# Assignment
A word-for-word copy of the lines below, starting at the line with "مدلسازی و ارزیابی" and ending at the last one, is what you should give. Omit every picture.

# Stored data
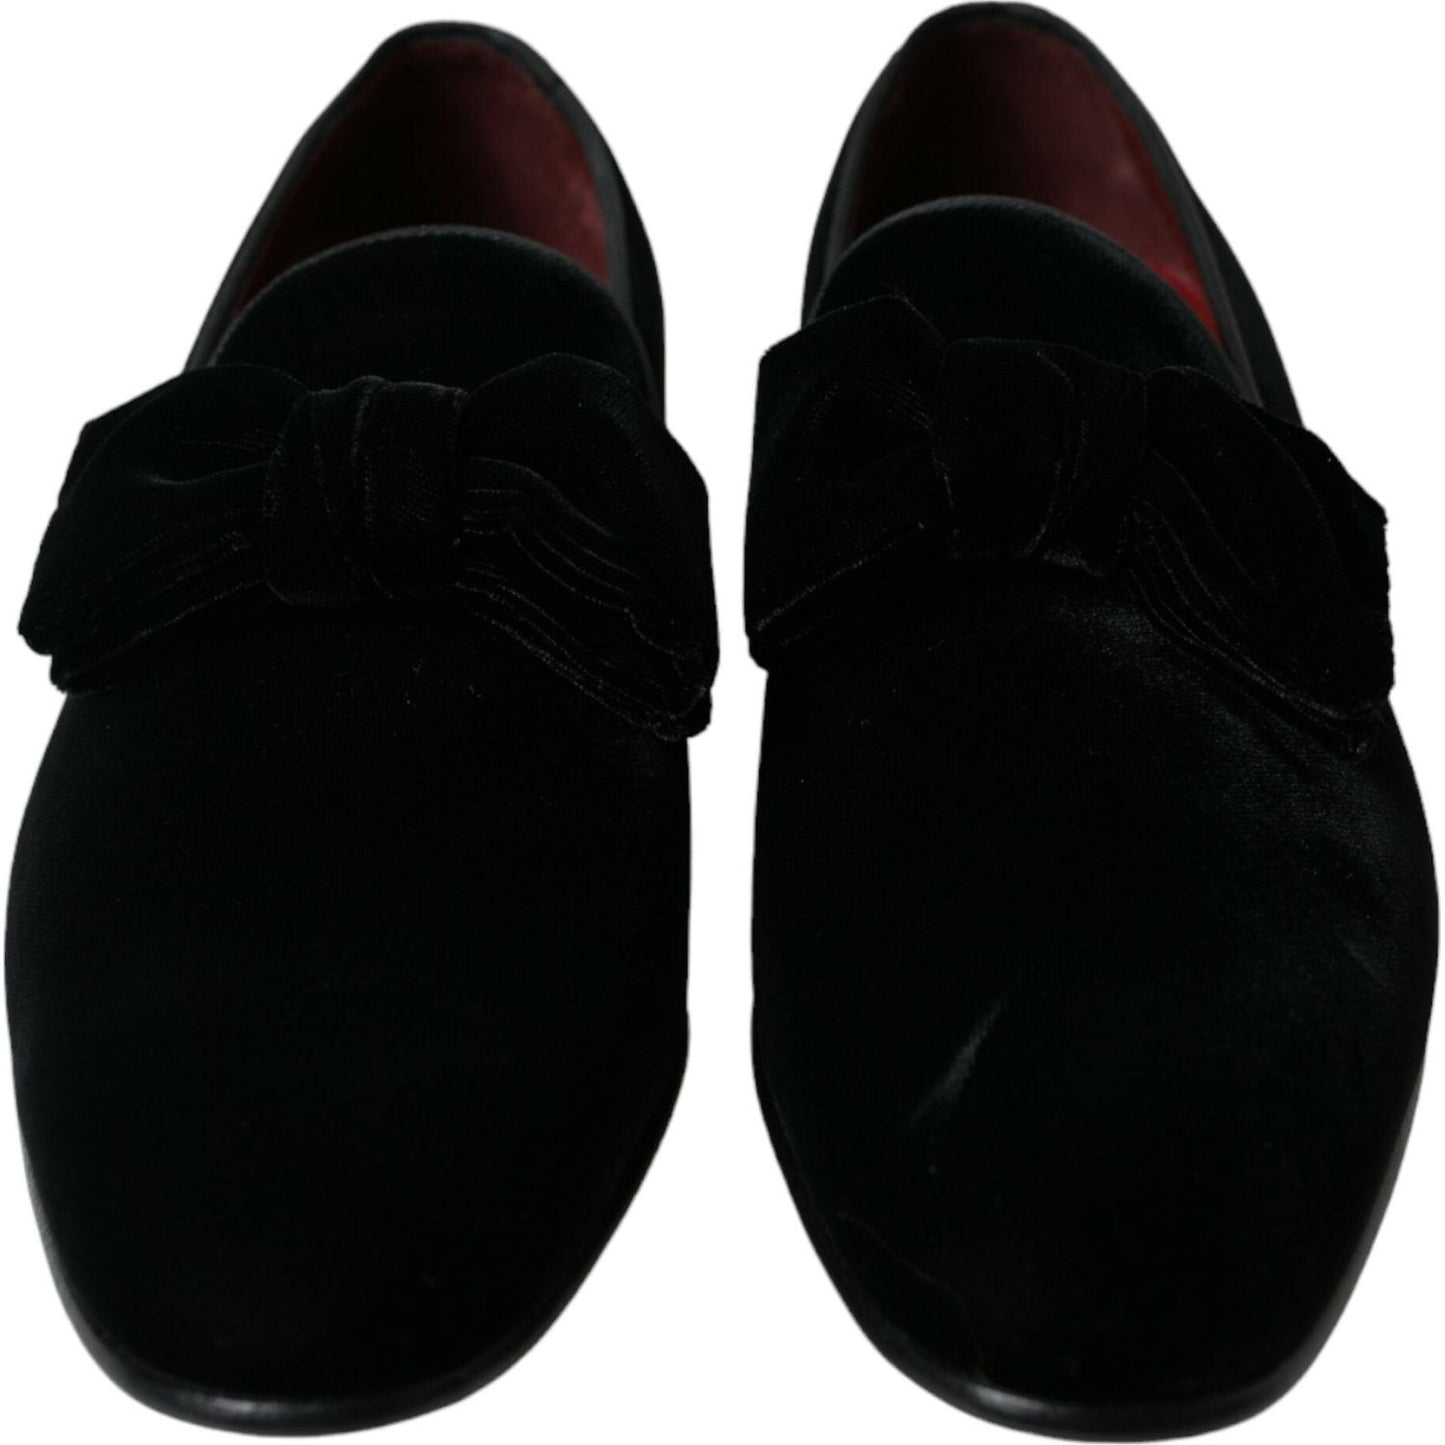 Dolce & Gabbana Elegant Black Velvet Loafers - Men's Luxury Footwear black-velvet-loafers-formal-dress-shoes-2
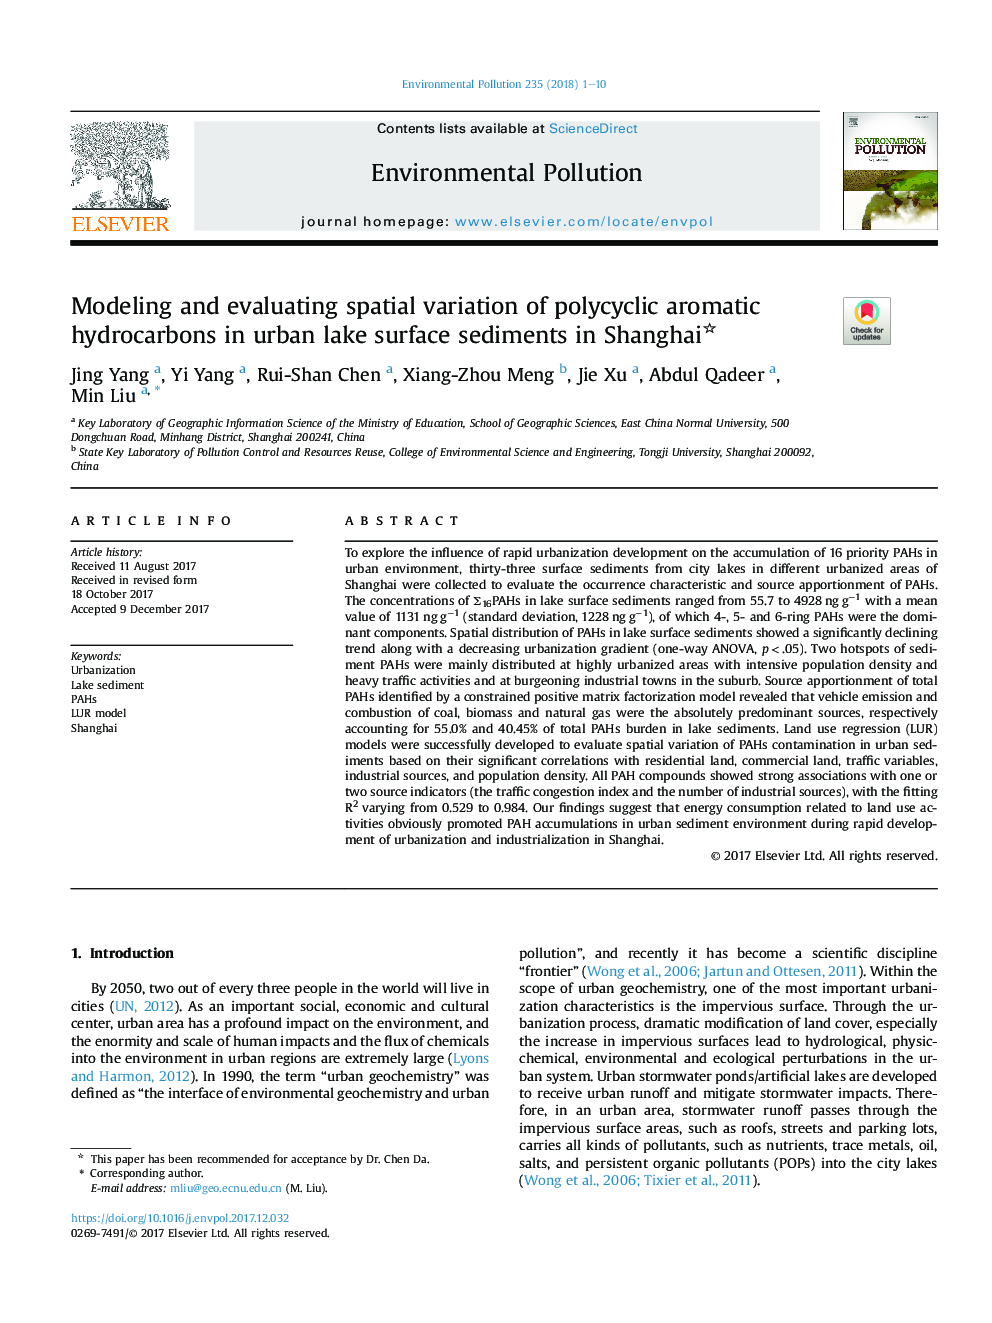 مدلسازی و ارزیابی تنوع فضایی هیدروکربن های آروماتیک چند حلقه ای در رسوبات سطح دریاچه شهری در شانگهای 
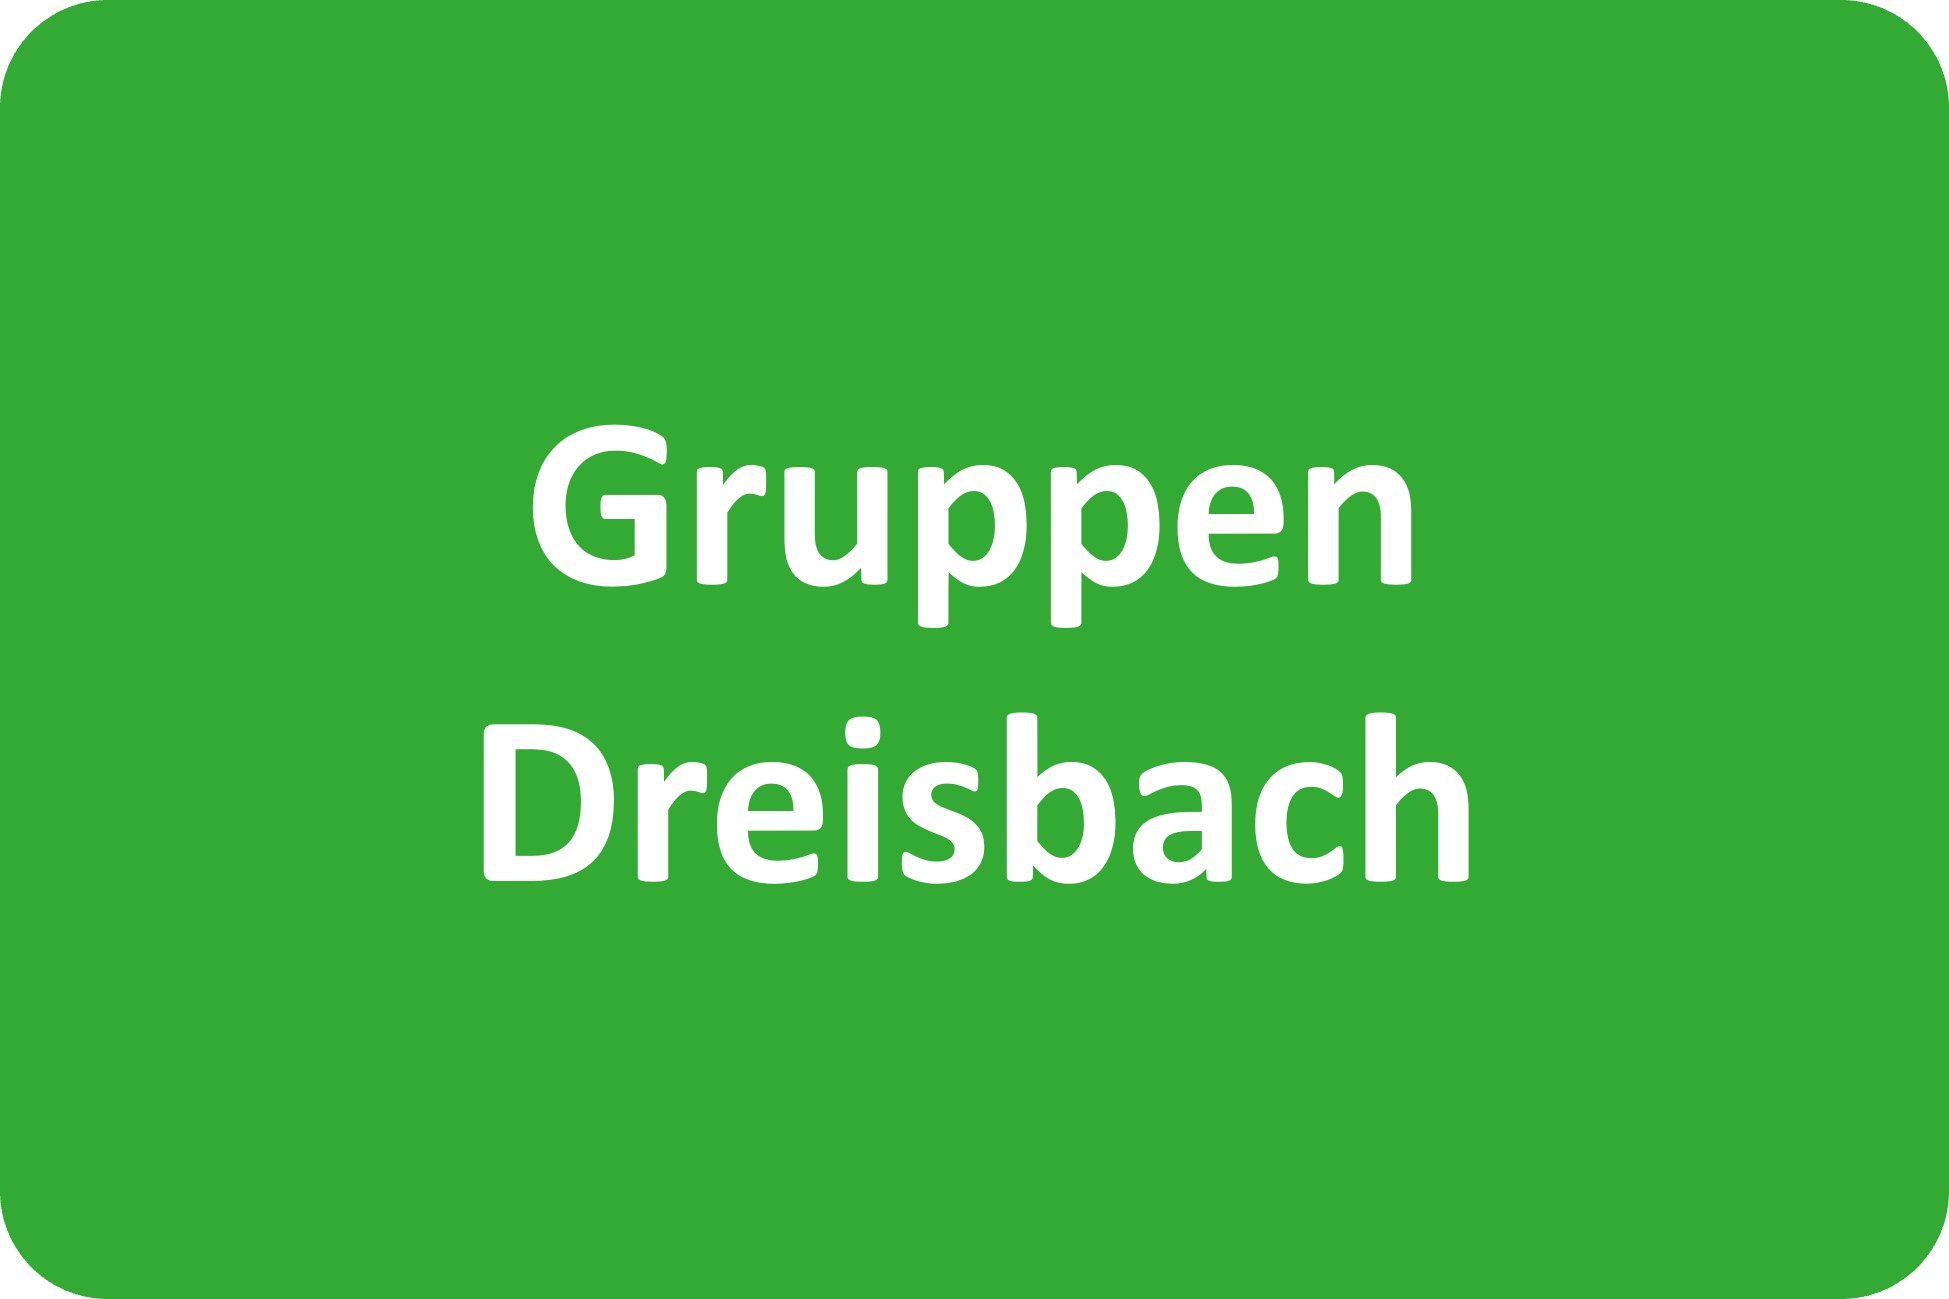 Gruppen in der Dreisbach

# Exercise solution
 مدلسازی و ارزیابی تنوع فضایی هیدروکربن های آروماتیک چند حلقه ای در رسوبات سطح دریاچه شهری در شانگهای 
 Gruppen in der Dreisbach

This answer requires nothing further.